### Exercise objective
Only the lines of the listing below that run from the line with "1350405 Wärnevall (19)" through the line with "Person Outline Clipart - Clipart Suggest" are to be set down, word for word. Pictures stay out.

### Records to use

* * * * * * *

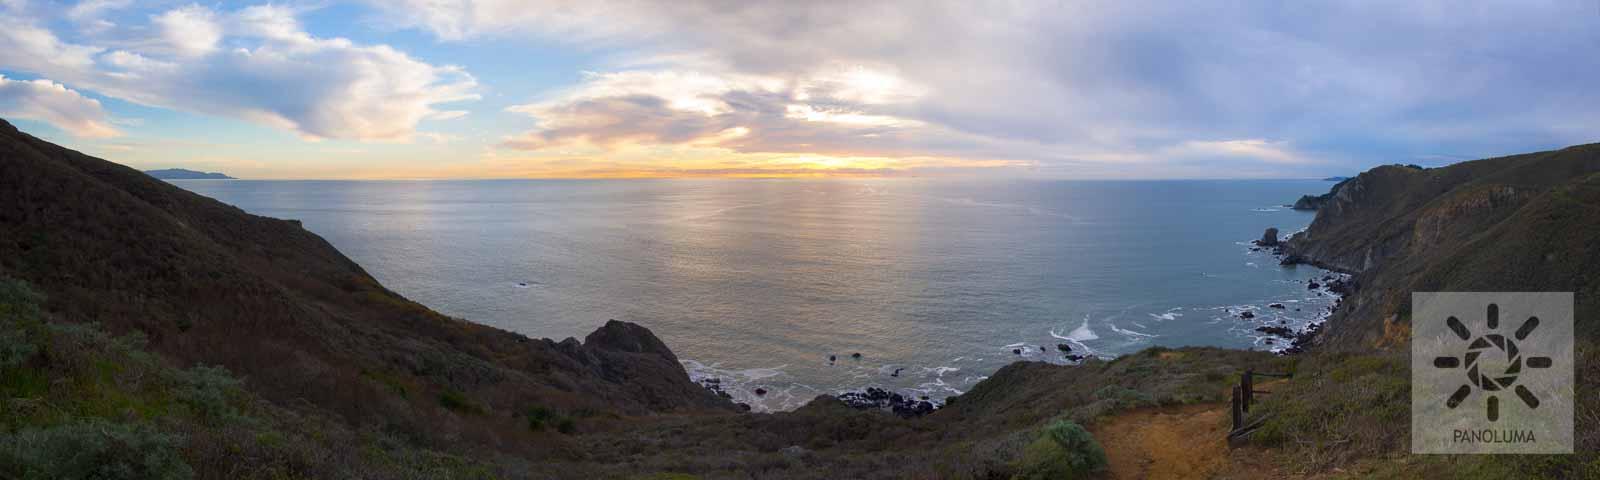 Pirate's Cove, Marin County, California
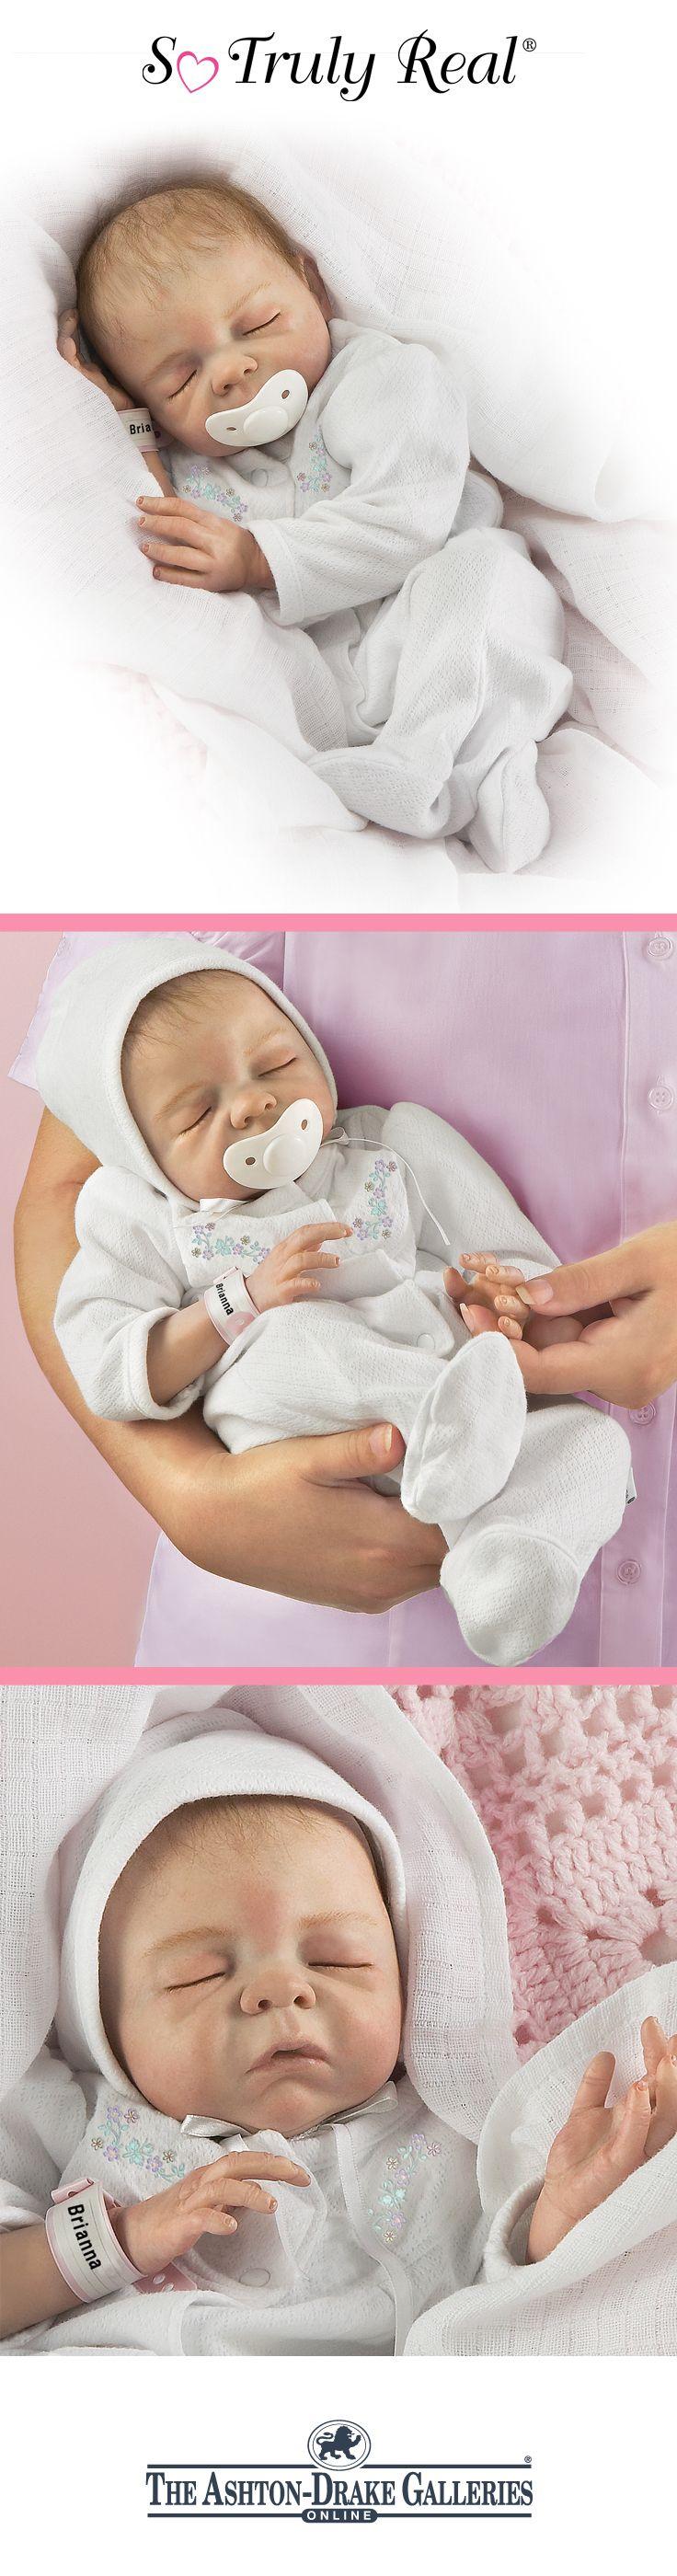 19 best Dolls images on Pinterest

* * * * * * *

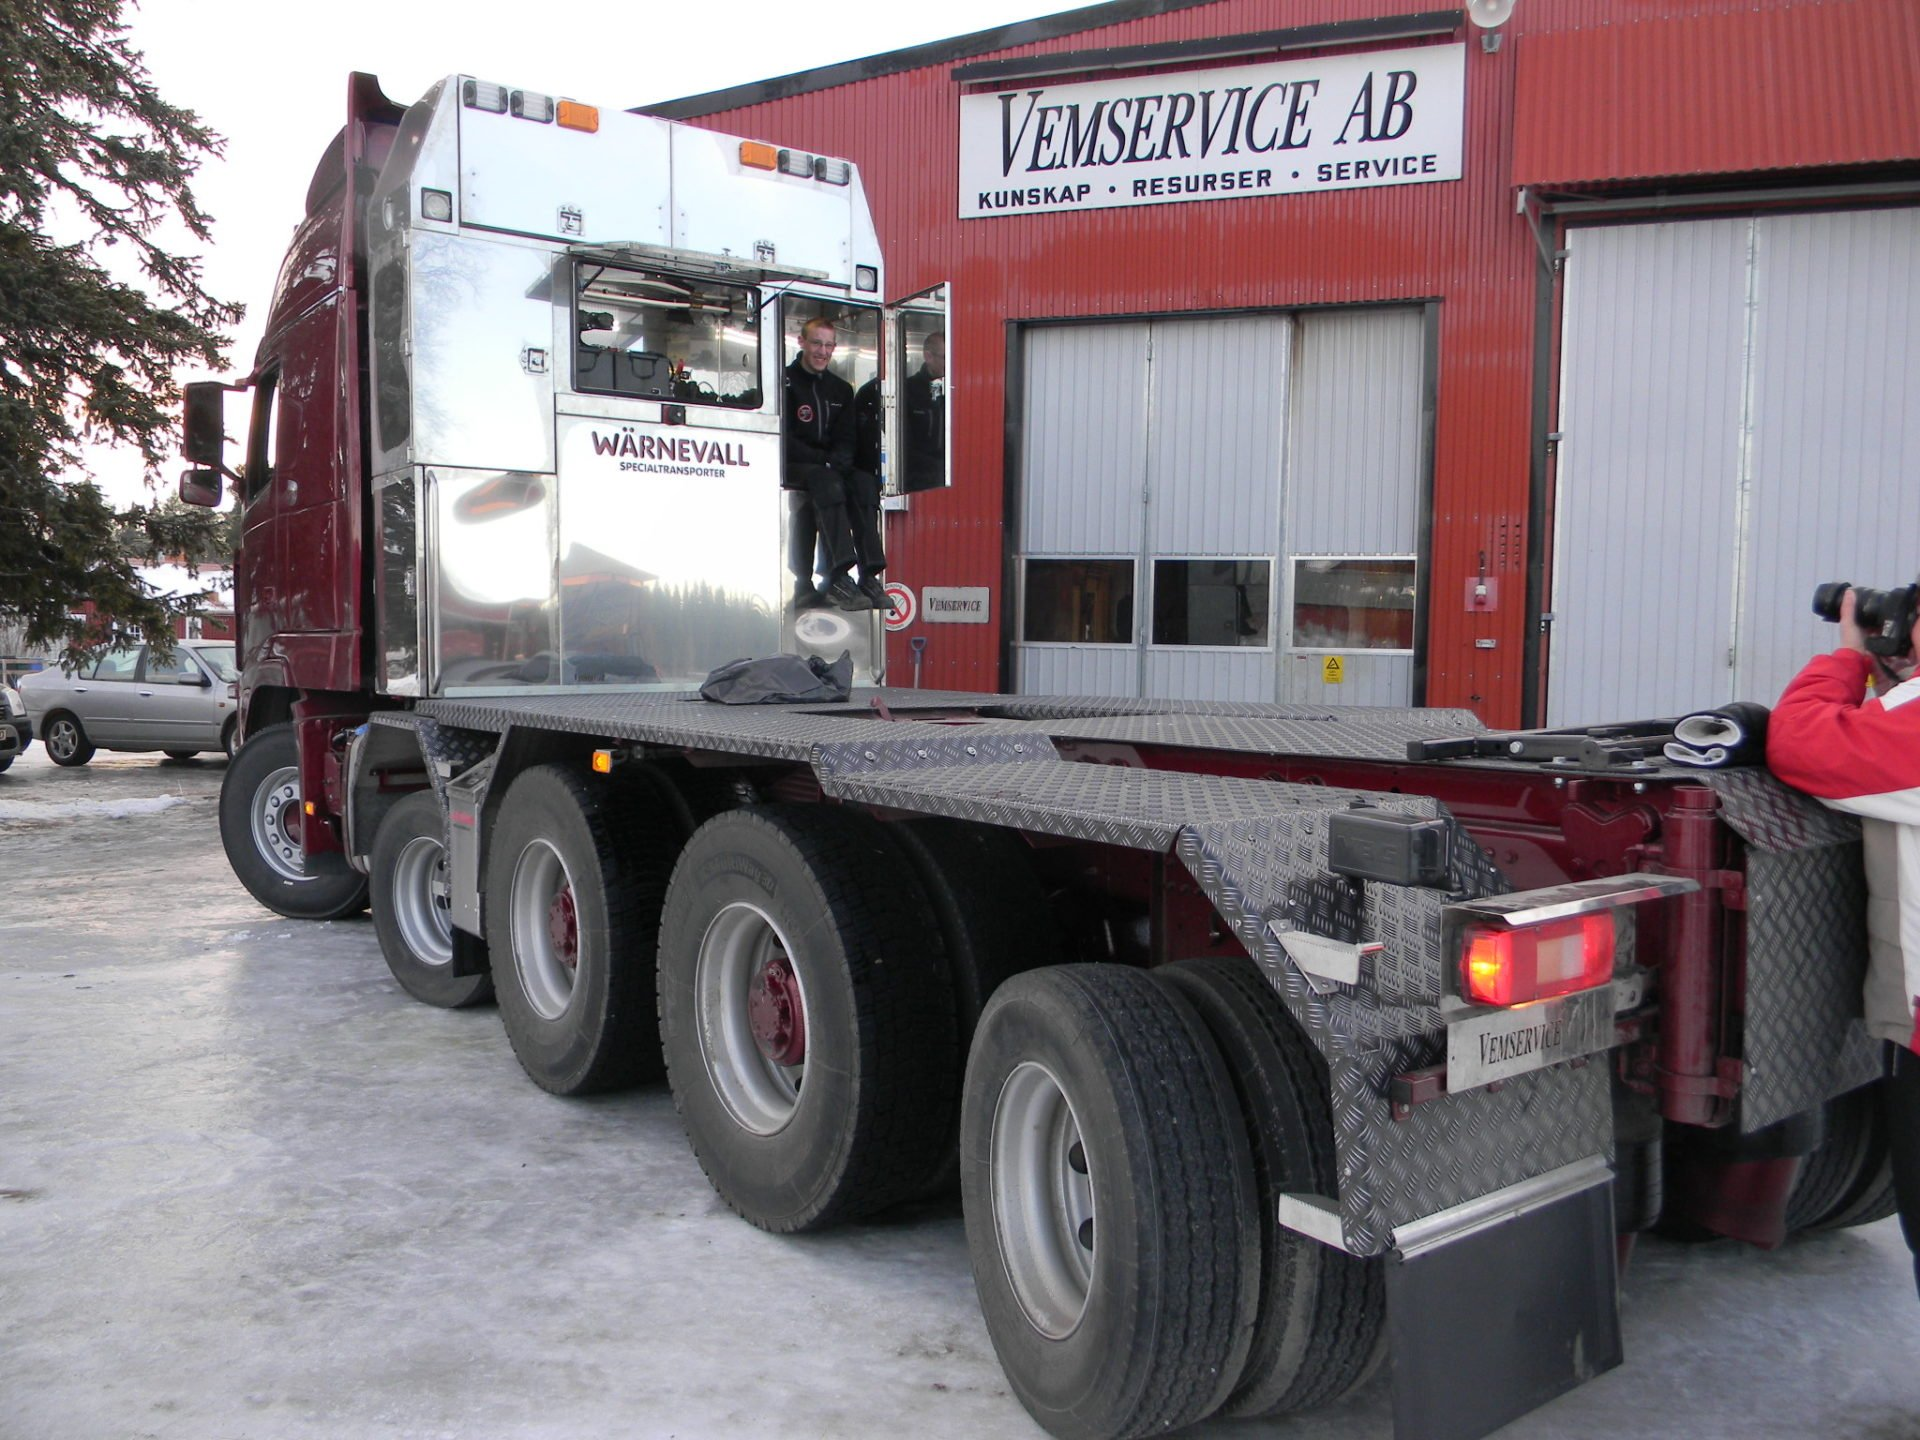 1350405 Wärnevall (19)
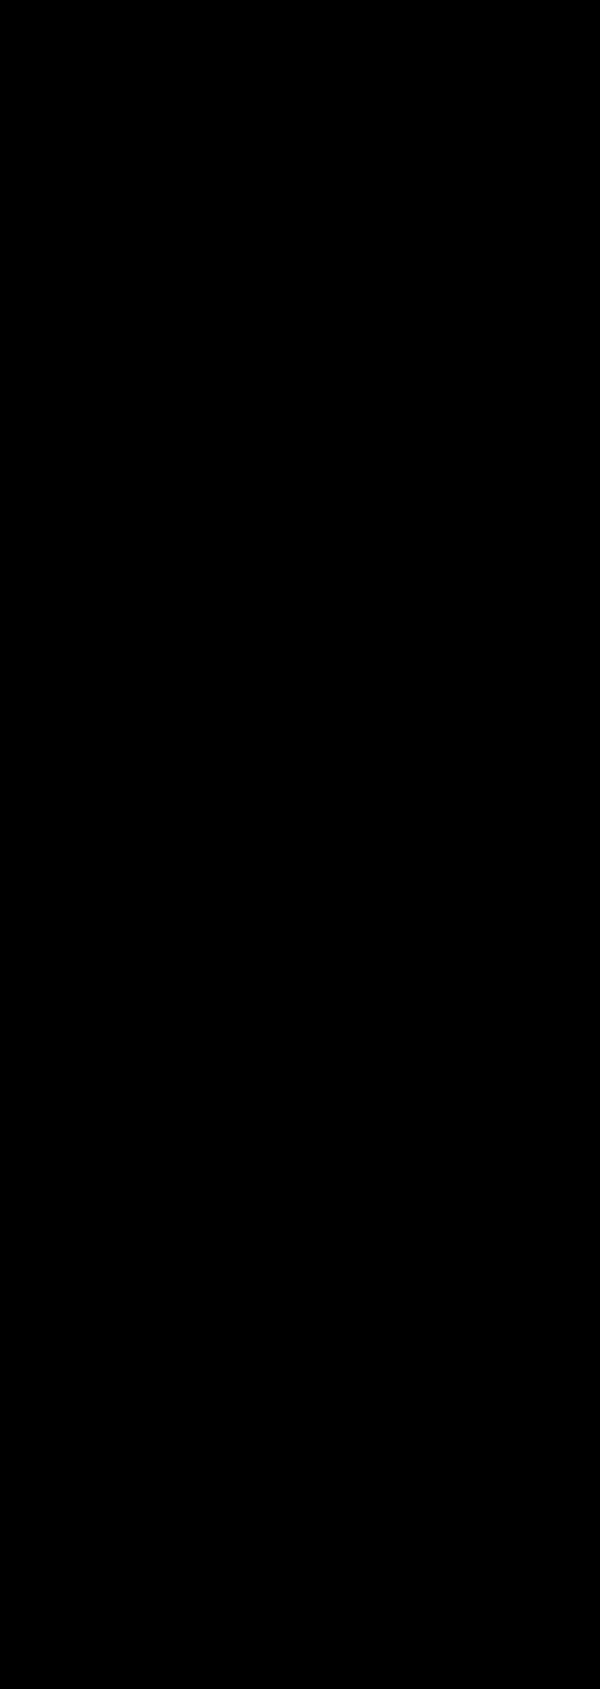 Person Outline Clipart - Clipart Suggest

* * * * * * *

### Solution to this exercise
 1350405 Wärnevall (19)
 Person Outline Clipart - Clipart Suggest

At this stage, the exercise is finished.